Maybe you're in the mood for a light, salty-sweet dessert, or perhaps you have too many strawberries on hand. Either way, it's the perfect excuse to make old-fashioned strawberry pretzel salad. This delicious layered dessert is an amazing treat to bring to a potluck, picnic, or barbecue.
Strawberry pretzel salad is sweet, a little salty, a little tart, with a gorgeous buttery pretzel crust. It's creamy and crunchy – in short, strawberry pretzel salad has it all! This tasty dessert is a much-loved classic that's found throughout the American South. Serve it up at your next big get-together, and don't be surprised if it's quick to disappear!
No one is one hundred percent sure how strawberry pretzel salad got its name. The dessert itself seems to originate from a jello cookbook that dates back to the 1960s. Jello salads are a type of American dish which can contain fruit, vegetables, nuts, cheese, and various other ingredients.
The name pretzel salad may come from the fact that this dessert is a type of jello salad made with pretzels.
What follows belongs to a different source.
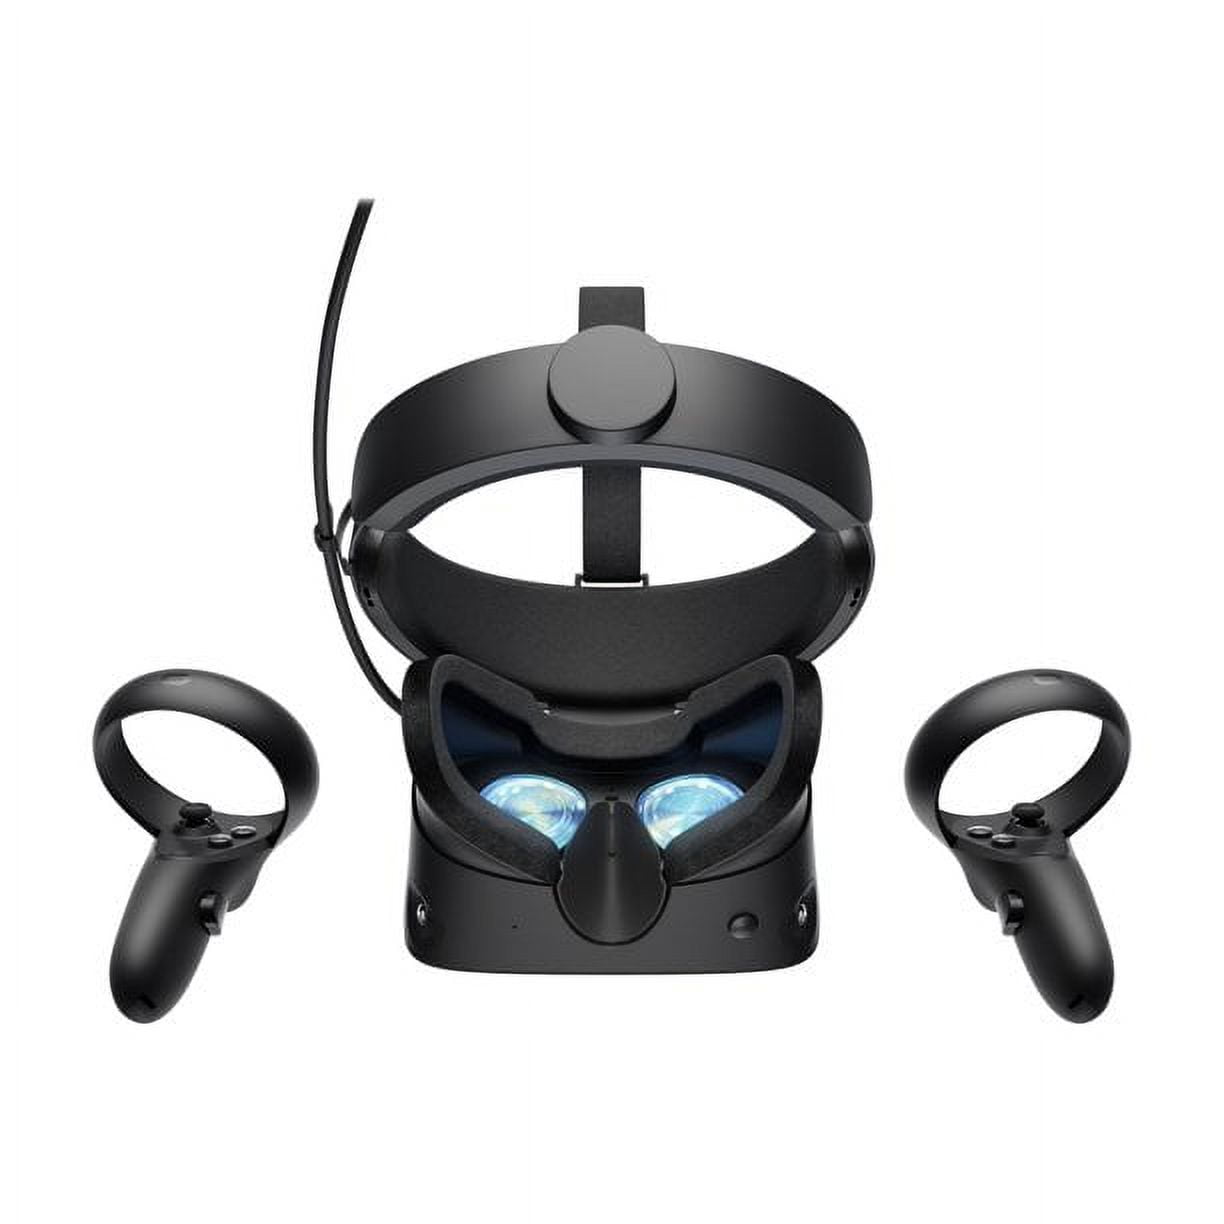 Oculus Rift PC-Powered VR Gaming System (Refurbished) - PC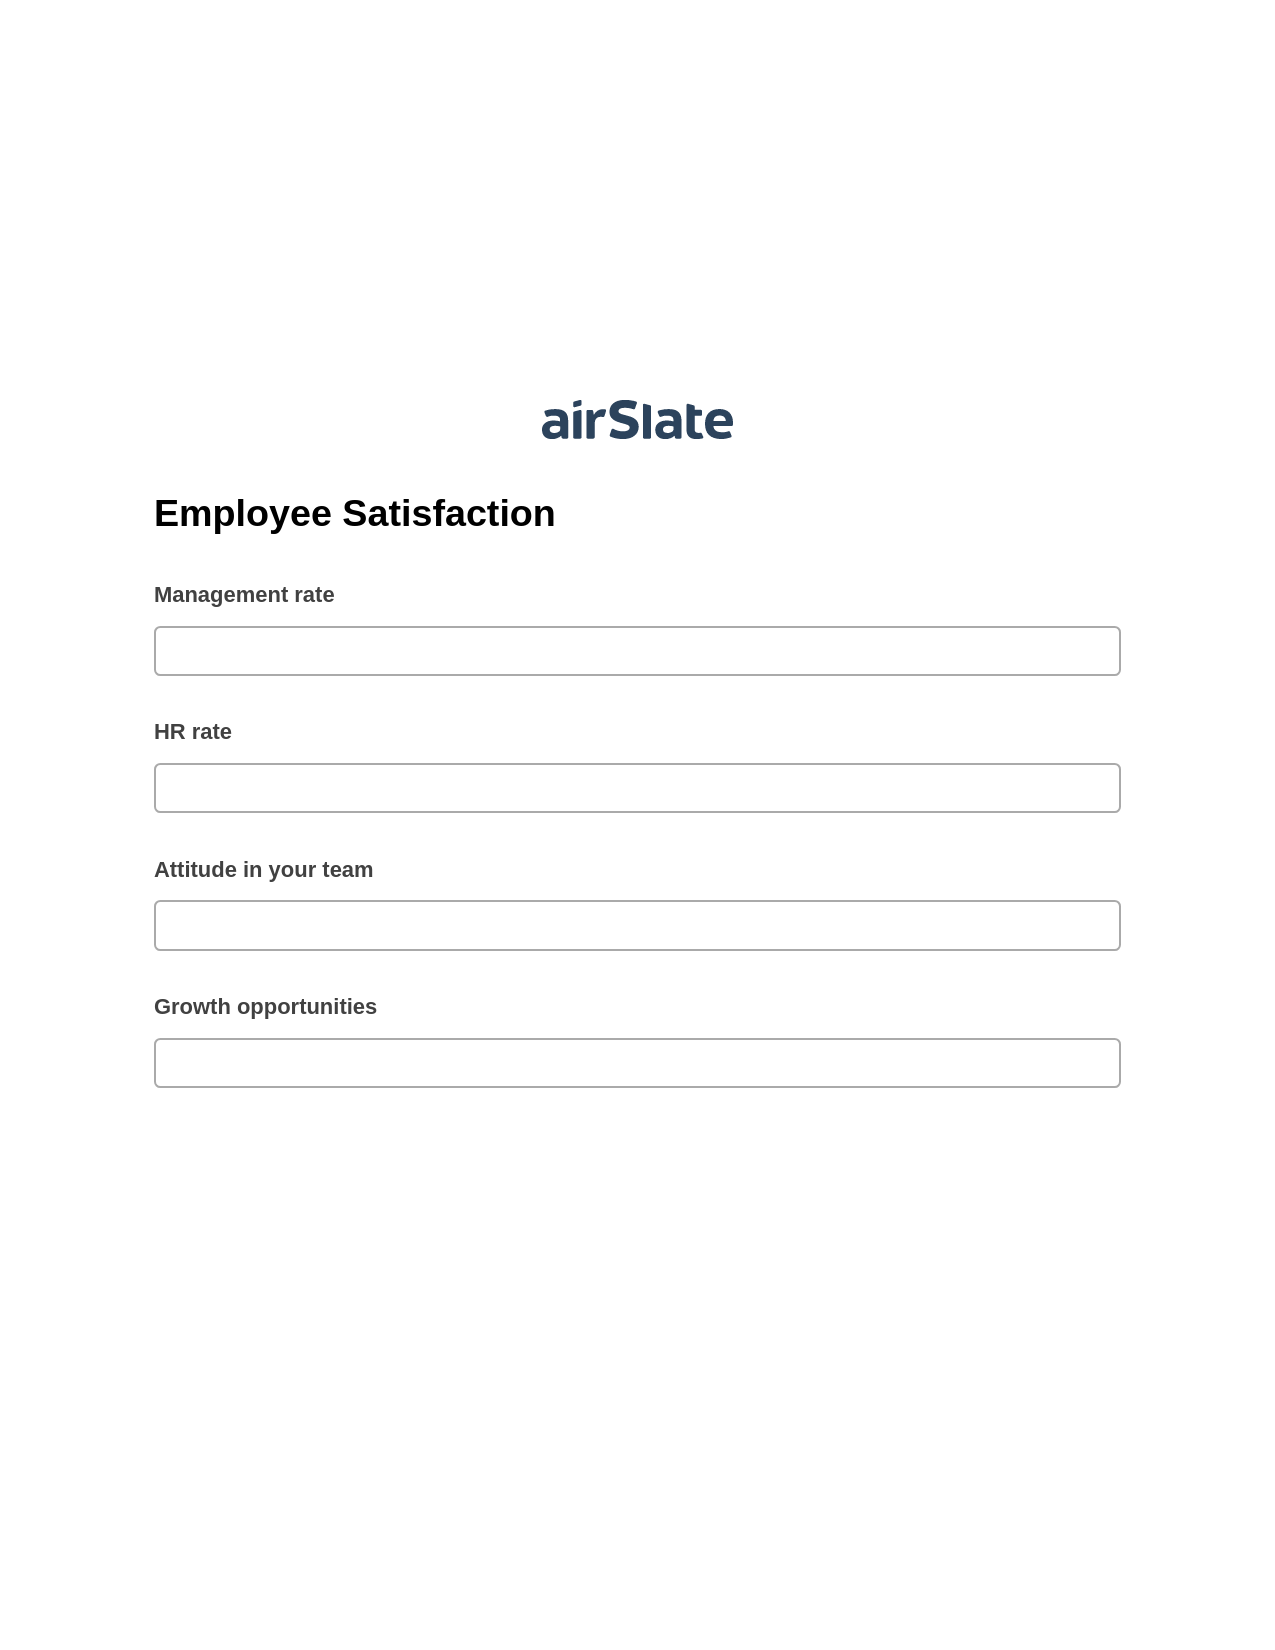 Multirole Employee Satisfaction Pre-fill from CSV File Bot, Update NetSuite Records Bot, Webhook Postfinish Bot

Small salted pretzels are the best choice for making strawberry pretzel salad. You can use either classic twisted pretzels or pretzel sticks. Just make sure you pick up salted ones – that salty flavor is a great counterpoint to the sweetness of the jello, berries, and cream cheese layer!
You don't need any fancy ingredients or equipment to make this gorgeous, light dessert.
For the base, you'll need pretzels, butter, and sugar.
To make the creamy layer, you'll need cream cheese, Cool Whip, and sugar.
Finally, you'll need strawberry jello mix and strawberries. You can use fresh or frozen strawberries, but if you use frozen, you should let them thaw out first so you can slice them and add them to the jello mixture.
Making old-fashioned strawberry pretzel salad couldn't be easier. Let's get started. Set your oven to 350F. Combine the strawberry jello mix with the boiling water, then set it aside so it can cool down to room temperature. While the jello is cooling, pop the pretzels into a ziplock bag and crush them with a rolling pin (a bottle or meat tenderizer will also work).
Melt the butter in a pot and stir in ¼ cup sugar, followed by the crushed pretzels. Put the pretzel mixture into a baking dish, and gently, but firmly press it into the bottom. Bake the pretzel base for 10 minutes, then remove it from the oven to cool completely.
Next up is that delicious, smooth cream cheese layer. Beat the cream cheese with ½ cup sugar until it's nice and fluffy. Fold in the Cool Whip until it's totally combined with the cream cheese.
Layer the mixture over the crust, then put it in the fridge for half an hour. Mix the sliced strawberries into the jello mixture. Pour it over the cream cheese layer, then pop it in the fridge for a few hours to set. Once set, slice and serve your strawberry pretzel salad and enjoy!
You can make strawberry pretzel salad up to one day in advance.
Make sure to spread the cream cheese layer to the edges. This will ensure the jello layer doesn't leak down the sides of your pretzel salad.
Swap out the strawberries for other types of berries or fruits, and use a different flavor of jello for a fun variation on this classic recipe. Raspberry and lemon, orange and blueberry, or blackberry and mixed berry are tasty alternatives. Pineapple, peach, and mandarin oranges are also amazing!
Nuts like pecans or almonds are a great addition to this recipe.
If you don't have Cool Whip, use whipped cream instead. However, one thing to note is that whipped cream will soften the pretzels more compared to Cool Whip. You'll also need to mix 2/3 cup sugar into the cream cheese to achieve the same sweetness.
For a dairy-free strawberry pretzel salad, use dairy-free cream cheese instead.
Be gentle when pouring the jello over the cream cheese layer to avoid making any cracks.
Cover your strawberry pretzel salad with cling film and keep it in the fridge for 3 to 4 days.
Preheat your oven to 350F. Whisk the jello powder with boiling water, then leave to cool to room temperature.
Put the pretzels in a sealable bag. Crush them with a rolling pin.
Melt the butter in a saucepan. Stir in the ¼ cup sugar.
Stir in crushed pretzels. Pour the mixture into a baking dish, and press into the bottom to form a crust.
Bake for 10 minutes, then remove from oven to cool completely.
Beat the cream cheese with ½ cup sugar until fluffy. Fold in the Cool Whip until completely mixed.
Layer the mixture over the crust, then place in the fridge for 30 minutes.
Mix the sliced strawberries into the jello.
Pour over the cream cheese layer, then place in the fridge for 2 to 4 hours to set.
Use a 9×13-inch baking dish to make your pretzel salad.